Watching pundits call for us to unite as a nation under Trump did nothing to calm me down. How can I be expected to join hands with a man who mocked a disabled reporter and has been sued on more than a handful of occasions for refusing to comply with the Americans With Disabilities Act?
Because I use a wheelchair, people regularly assume that I am uneducated and living on public assistance. They offer to pray for me to be healed. Some strangers even place money in my hands when they pass me on the street. Trump has only encouraged these people – the people who would never assume that I have a bachelor’s degree and am gainfully employed. They wouldn’t believe that I was named among the top 10 most influential college women in the United States, have interned at the White House and founded a nonprofit, which I’ve been running since I was 19 years old.
Unlike many Trump voters, I’m also a dedicated Obama supporter. I am where I am, in large part, because of our 44th president. Rewind to Sept. 27, 2007, when I waited with my two best friends to hear Senator Obama from Illinois speak. I listened to his voice echo through the crowd as he made a staunch commitment to act to change America’s health care system. He would work to eliminate discrimination against those with preexisting medical conditions, he said – and that is what he has done. He inspired me to become an activist and to dedicate my life to public service.
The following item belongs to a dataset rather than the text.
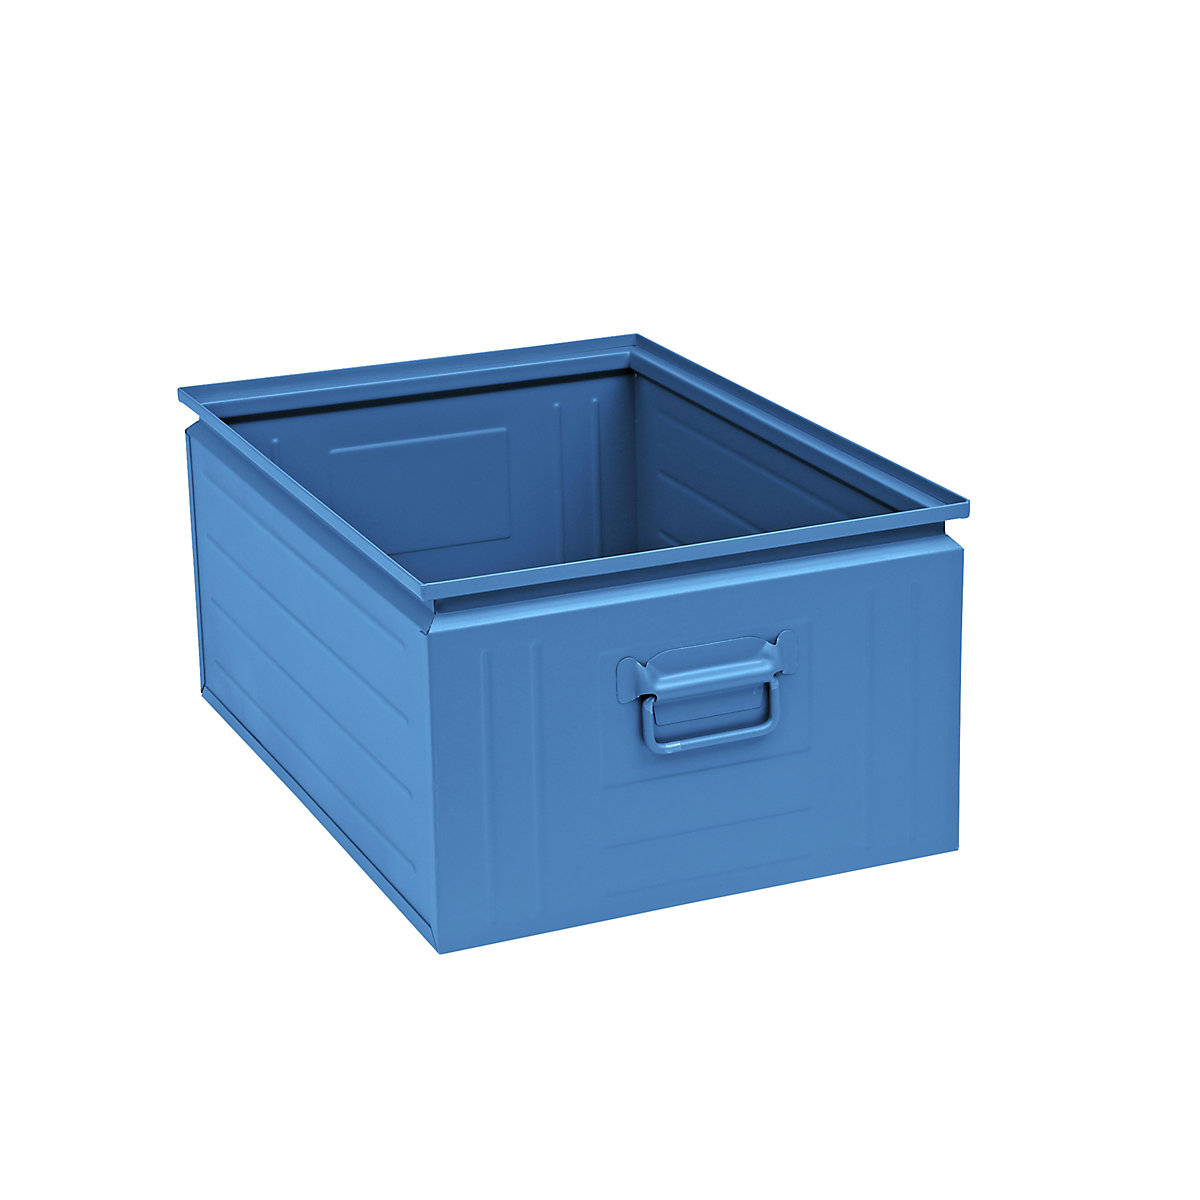 Stapelkasten aus Stahlblech, Inhalt ca. 80 l, lichtblau RAL 5012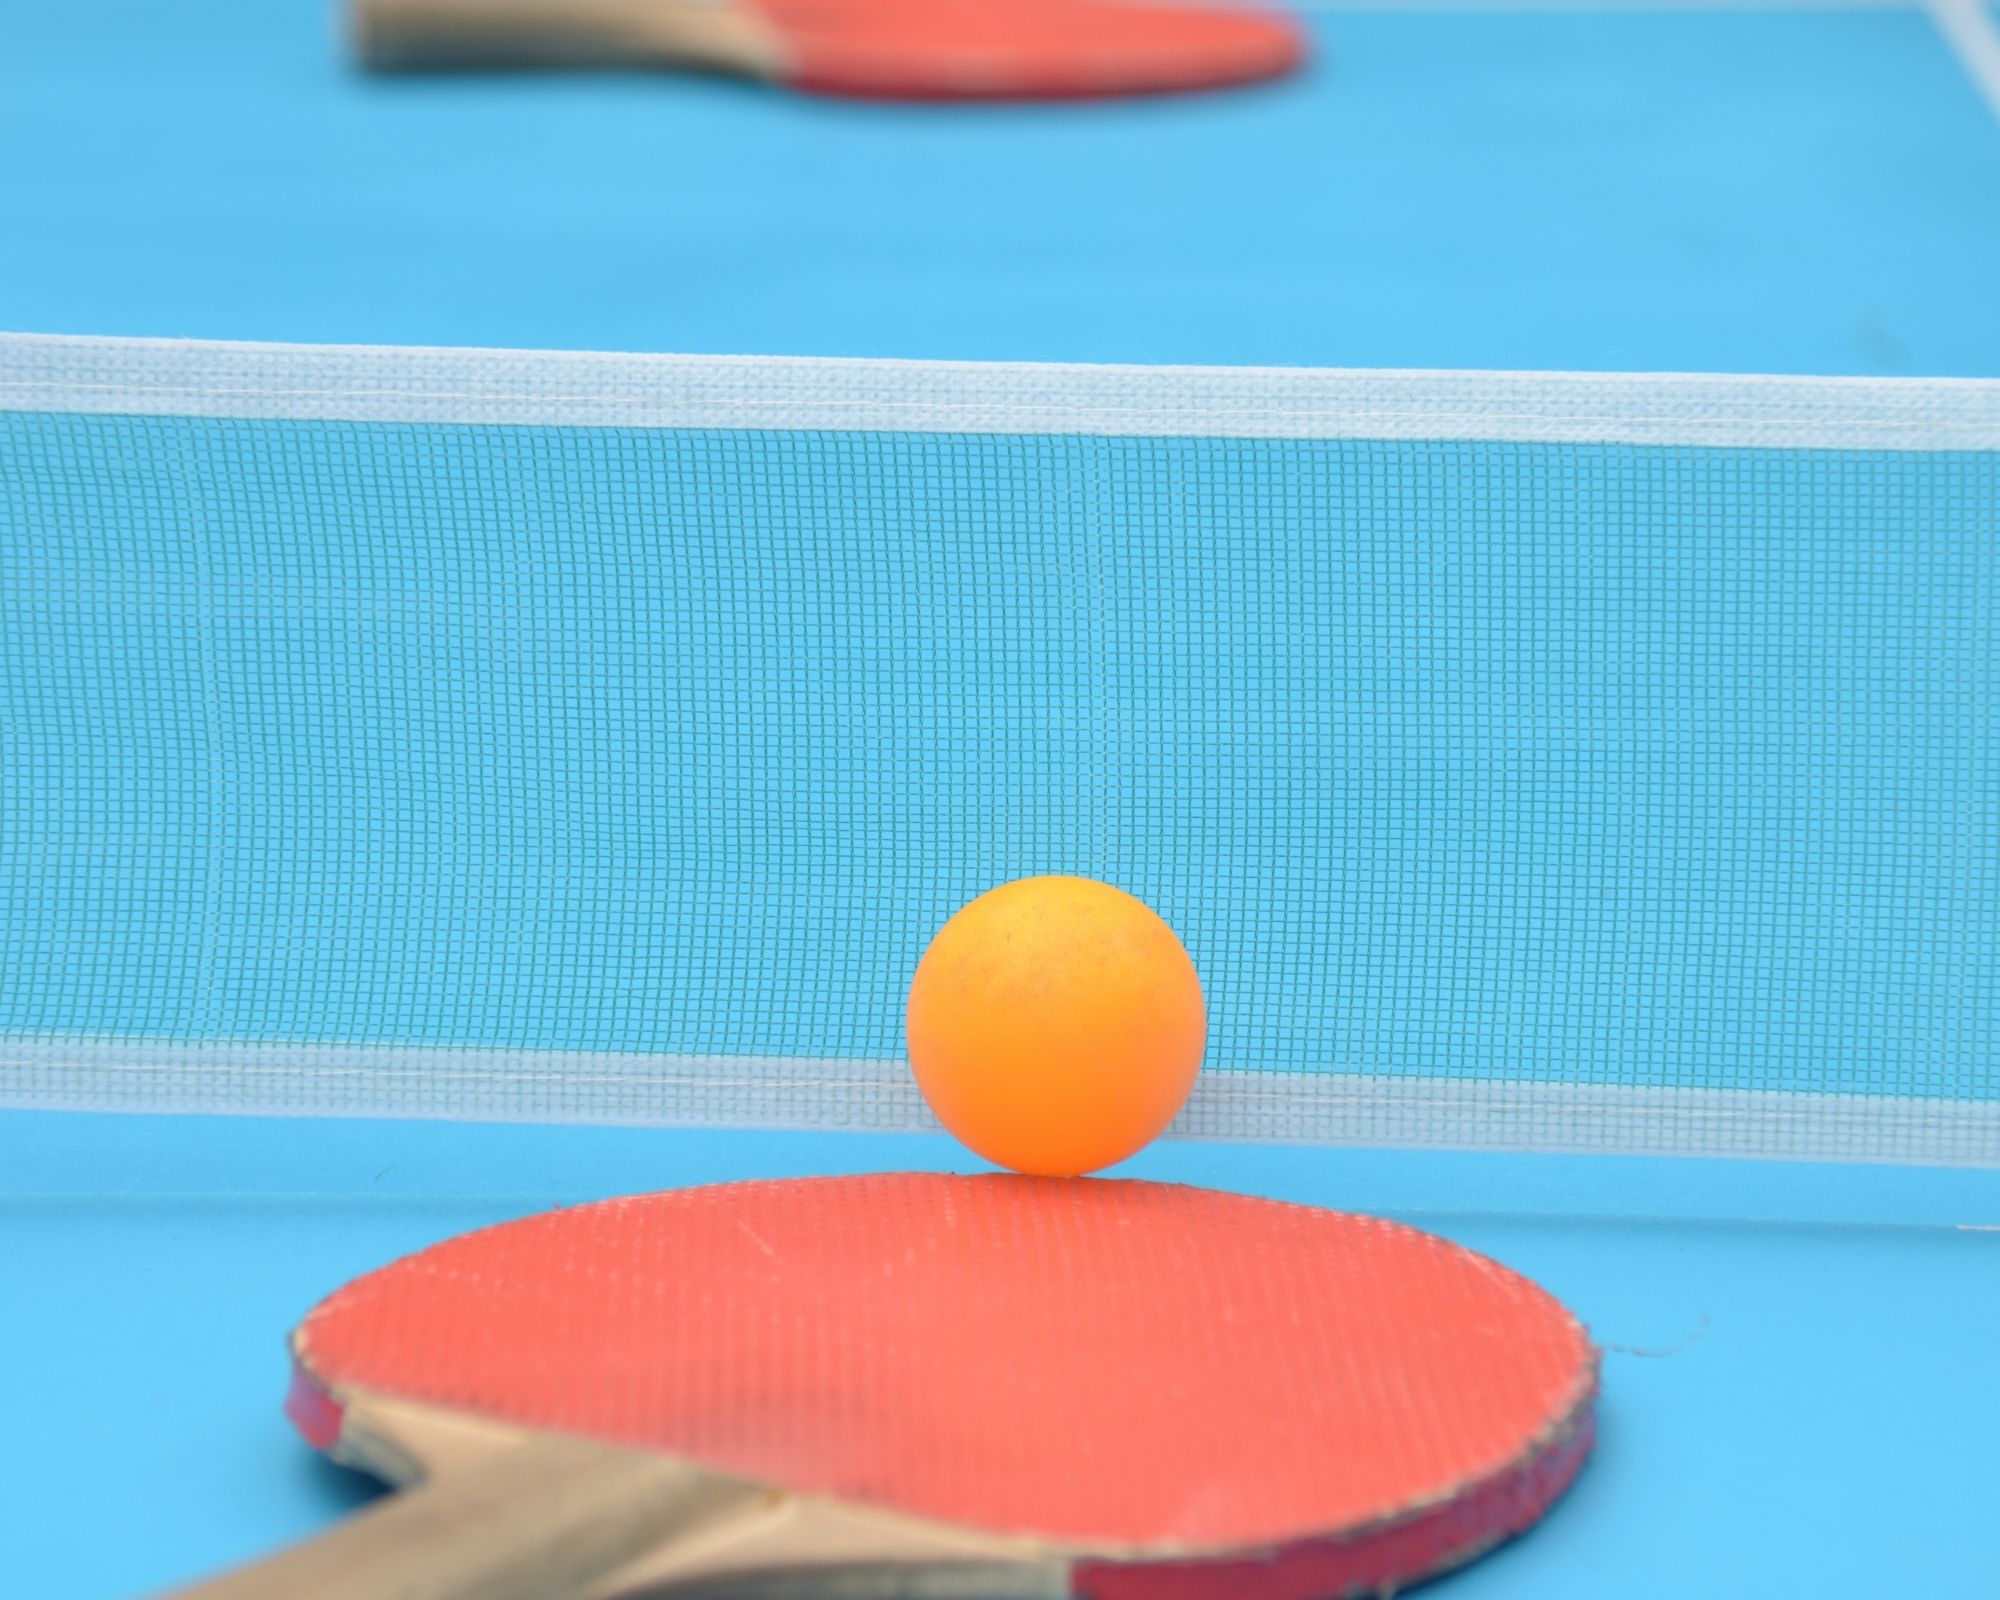 Comment installer une table de ping-pong ?

In the spring of 2010, I applied for and was accepted into the White House Internship Program. Until then, I never thought a Black girl from Prince George’s County, MD would be rolling through the White House in a wheelchair in any other context than a tour. And when President Obama issued executive orders to increase the hiring of people with disabilities and lessen discrimination, he gave so many of us hope. As a result of his administration’s work, my stellar résumé proved enough to land a federal job after graduation.
The federal government is the one of the few employers to mandate affirmative action for people with disabilities, and as a professional among the 11 percent of disabled Americans who are college-educated and part of the American workforce, I take great pride in my ability to provide for myself. I also greatly fear being stripped of that ability should Trump’s Administration eliminate these protections. He does not appear to see the value of social security, Obamacare, medicare, and medicaid.
My fear is further fueled by Trump’s blatant misunderstanding of and disregard for affirmative action. Case in point: “A well-educated Black has a tremendous advantage over a well-educated White in terms of the job market,” Trump said in 1991. “If I was starting off today, I would love to be a well-educated Black, because I really do believe they have the actual advantage today.”
Knowing that the White House will soon be occupied by someone with a track record of openly discriminating against marginalized populations makes me feel sick.
I fear for the day that my disabled friends, colleagues, and I become infinitely more vulnerable. I fear that it will come at all, and I fear that it will come entirely too soon.